The title for this blog is based on the fact that there is more to healthy eating than gorging yourself in a bowl full of kale. Working in a health foods grocery store, as a healthy eating specialist, I was exposed to lots of customers looking to get healthy with one or two foods. One day it was white mulberries, the next it was dark cherry juice concentrate, and there was a distinct correlation between what Dr. Oz was touting as the new fat-blaster and what customers came in looking for. Some thought they’d overhaul their life by detoxing on concoctions of maple syrup and lemon juice. In the end, my best advice for healthy eating is what we’ve been hearing all along… eat fruits and vegetables!
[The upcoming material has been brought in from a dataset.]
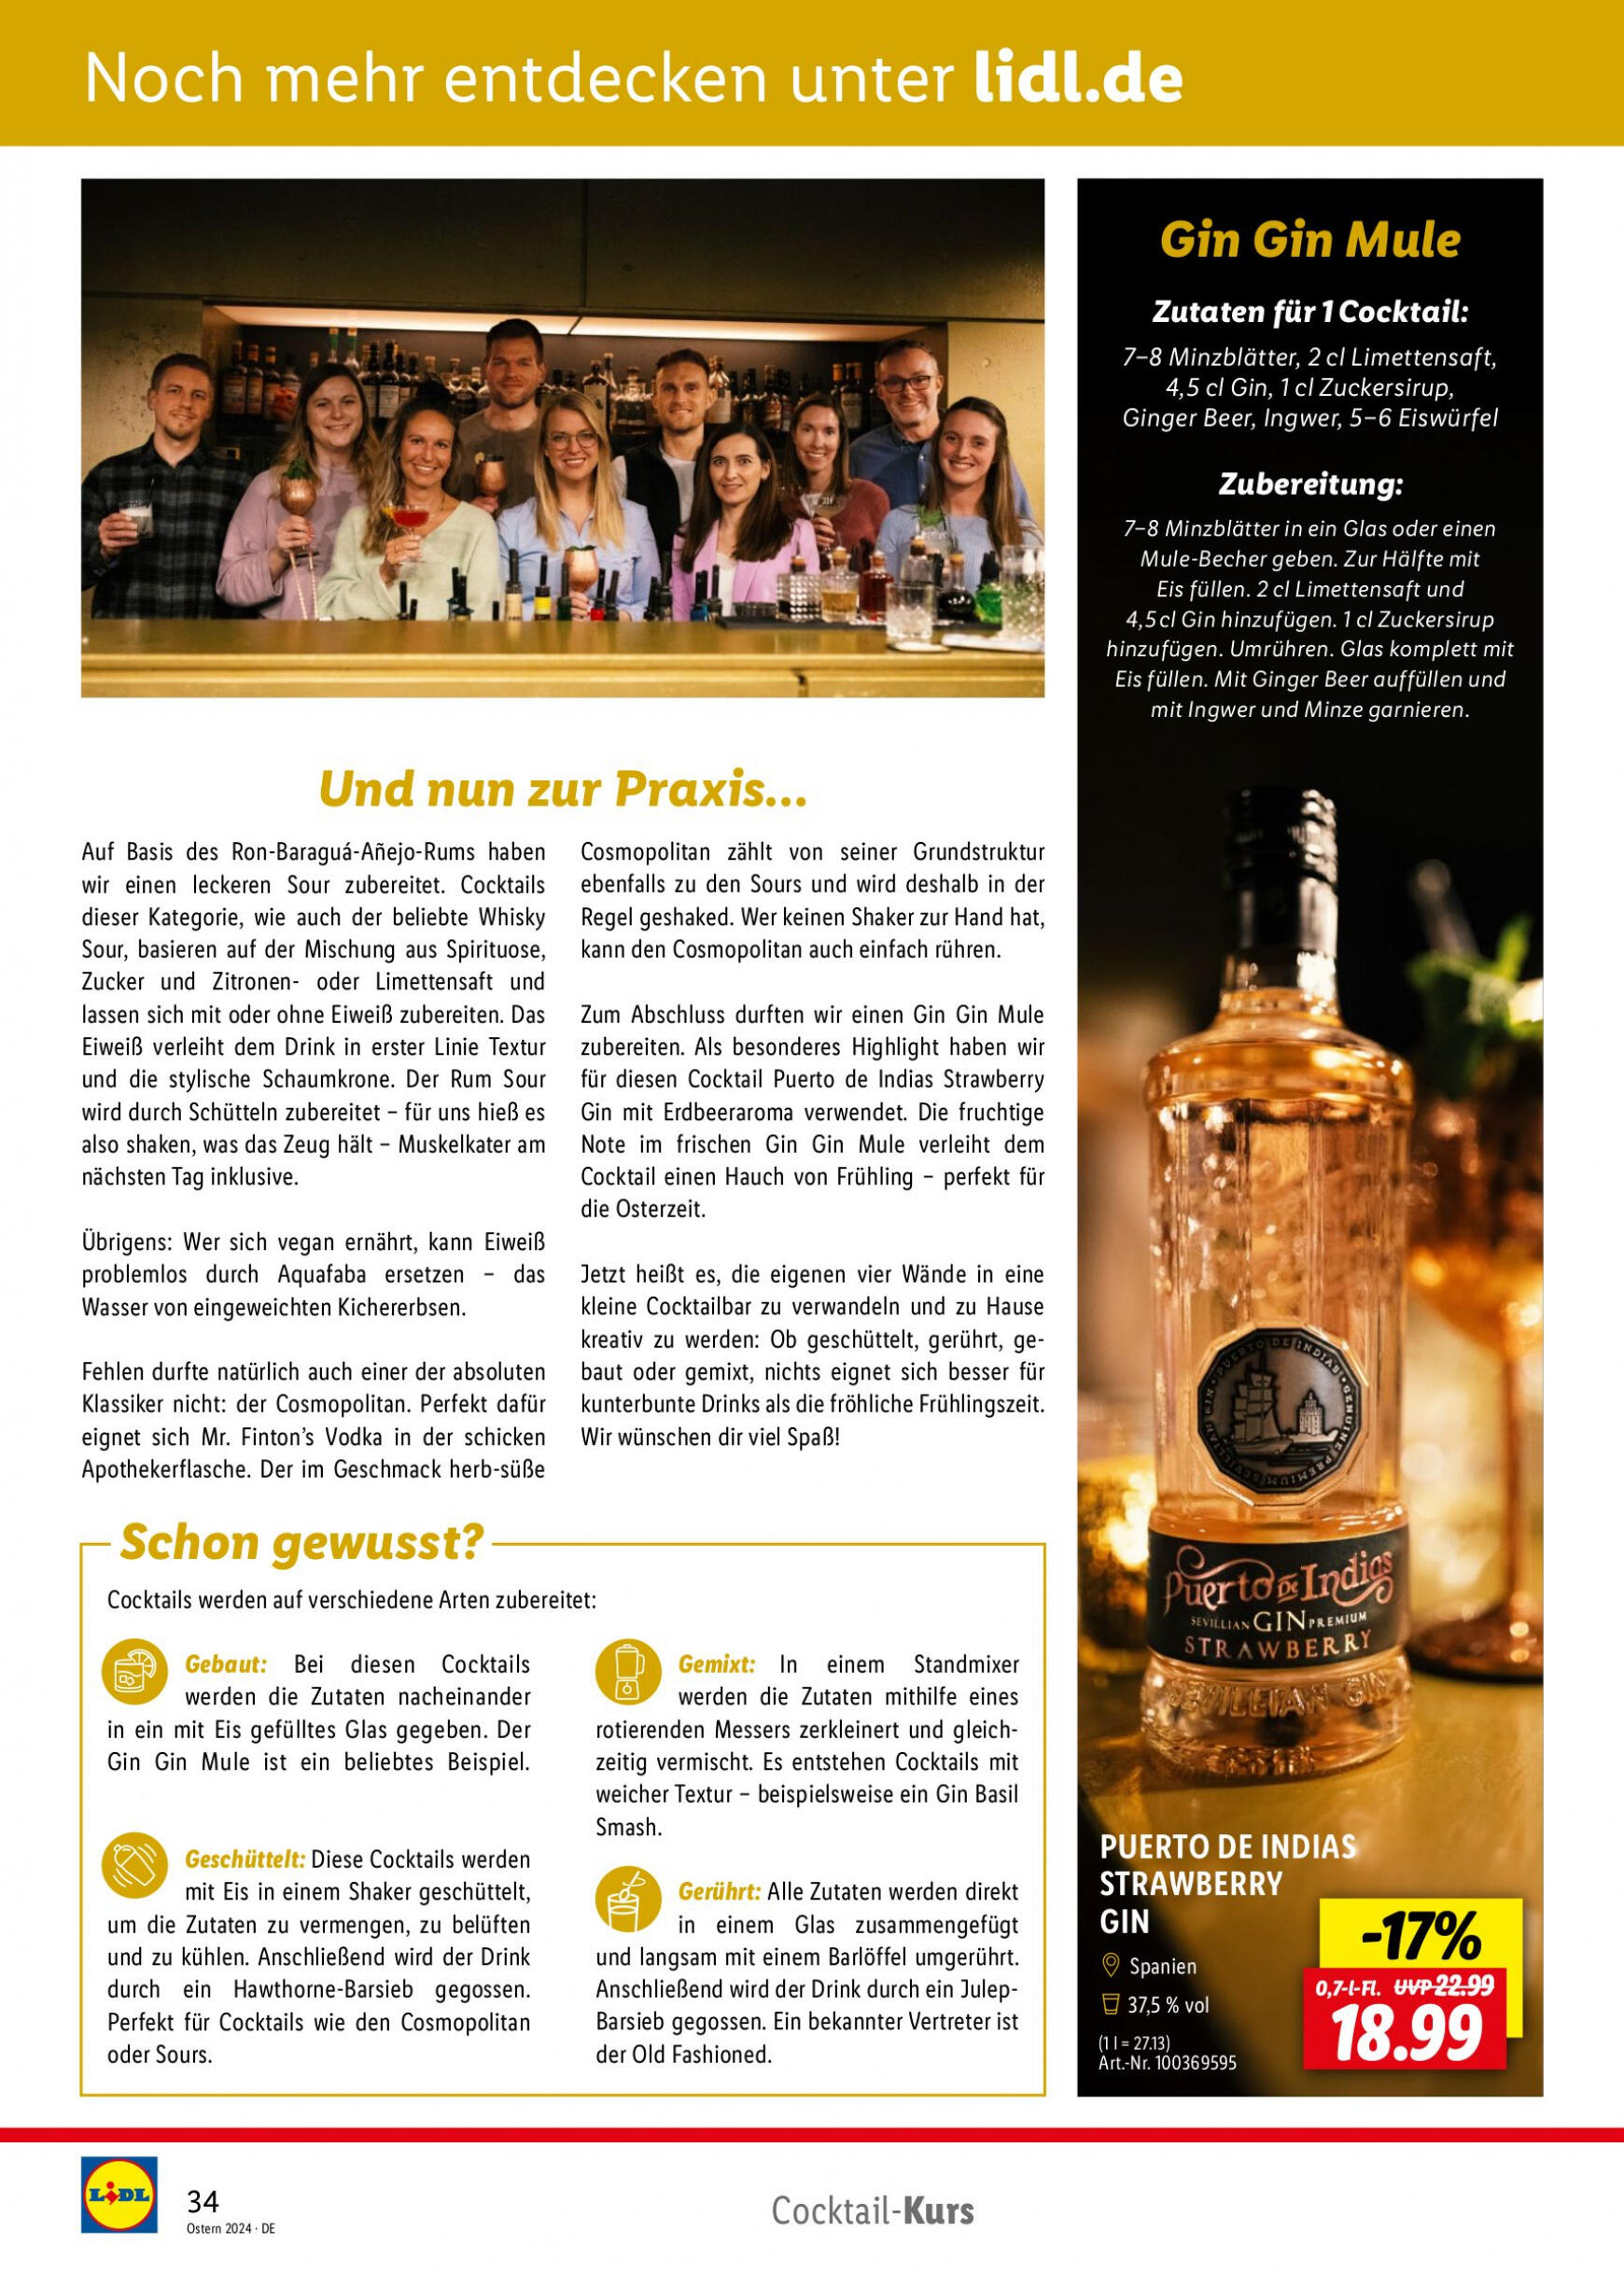 lidl - Flyer Lidl - Wein Entkorkt aktuell 04.03. - 30.04. - page: 34

There is no magic potion to run out and buy for your fridge or pantry, but commit to spending most of your grocery budget on fresh produce and learn to enjoy it!  It is my hope that these recipes will help spark some appreciation for all the fresh goodness out there.

This veggie plate features a sweet potato with a pat of Earth Balance butter, tomato, mozzarella and basil salad, roasted beets with an orange vinaigrette, and sautéed kale with a bit of garlic salt.

IMG_1309

Strawberry Rhubarb Crisp

It’s summer and nothing tastes better than a red, ripe strawberry that sends juice dripping down your chin.  Okay, so I can’t recall ever having juice from a strawberry dripping down my face, but the image is so classically summer. I always freeze any fruit that looks like it might be going overripe.  It happens a lot with bananas and berries.  I also discovered that fresh rhubarb freezes quite well when cut in little chunks and can be used just like the fresh stuff.  For this recipe, we used frozen rhubarb and strawberries and it made it so easy!  Anyone out there looking for a recipe that is gluten-free and vegan, this is your dessert… but don’t fear butter lovers, this recipe will not disappoint.

IMG_1894

Ingredients:

1 cup rhubarb

1 cup strawberries

Zest and juice from half a lemon

2 Tbsp honey (more if you prefer a sweeter crisp)

1 tsp cornstarch

1/4 cup chopped cashews

2/3 cup almond flour

1 Tbsp coconut flour

1 tsp cinnamon

pinch of salt

2 Tbsp honey

2 Tbsp coconut oil

 

Instructions:

Combine first 5 ingredients in a bowl (rhubarb through cornstarch) until well blended.  In a separate bowl combine next 5 ingredients (cashews through salt) and blend completely.  Combine honey and coconut oil until mixed.  Add honey and oil to dry ingredients and mix until well combined.  In a small baking dish or ramekin add the fruit mixture and top with crumble.  Bake at 350 degrees for 20 minutes or until fruit mixture just begins to bubble.  Top with vanilla ice cream for a perfect summer dessert!

Beet Walnut Burgers

Saturday in Madison means the farmer’s market (Madison is home to the country’s largest outdoor farmers market!), which is where Courtenay and I spent a good part of our morning.  When we entered the sea of people moving in a slow heard around the Capitol the first thing we saw was bunches of beets for $1.  Courtenay and I love beets!!!  Something about their slightly sweet taste and rich, purple color I find so satisfying.  We bought a few bunches and brought them home to experiment.  We pickled a few with eggs, but the rest went into beet walnut burgers.  They were a little crumbly, but the flavor was delicious and we both were very happy with our efforts.

Beet Walnut Burgers

Beet Walnut Burger

Ingredients:

Small yellow onion, chopped

1/2 cup walnuts

1/4 cup raisins

1 cup cooked beets, shredded

1 tsp paprika

1/2 cup lentils, cooked

3/4 cup brown rice, cooked

salt and pepper to taste

Instructions:

Saute onion in a bit of oil until softened, about 5 minutes.  Add walnuts, raisins, beets, and paprika, and cook until walnuts begin to toast and flavors begin to blend, about 5 minutes.  Add to a food processor and process until combined, but not smooth.  It’s okay to still see the individual ingredients, you just want to chop everything up a bit.  Transfer to mixing bowl.  Add lentils and rice to food processor with salt and pepper.  Process until combined.  Add to mixing bowl and form into patties.  Makes about 5 patties, depending on size.

To cook patties, heat enough oil to coat the bottom of a frying pan.  Place burgers into pan, cook until browning on both sides, about 5 minutes.  Serve with goat cheese spread and zucchini noodles.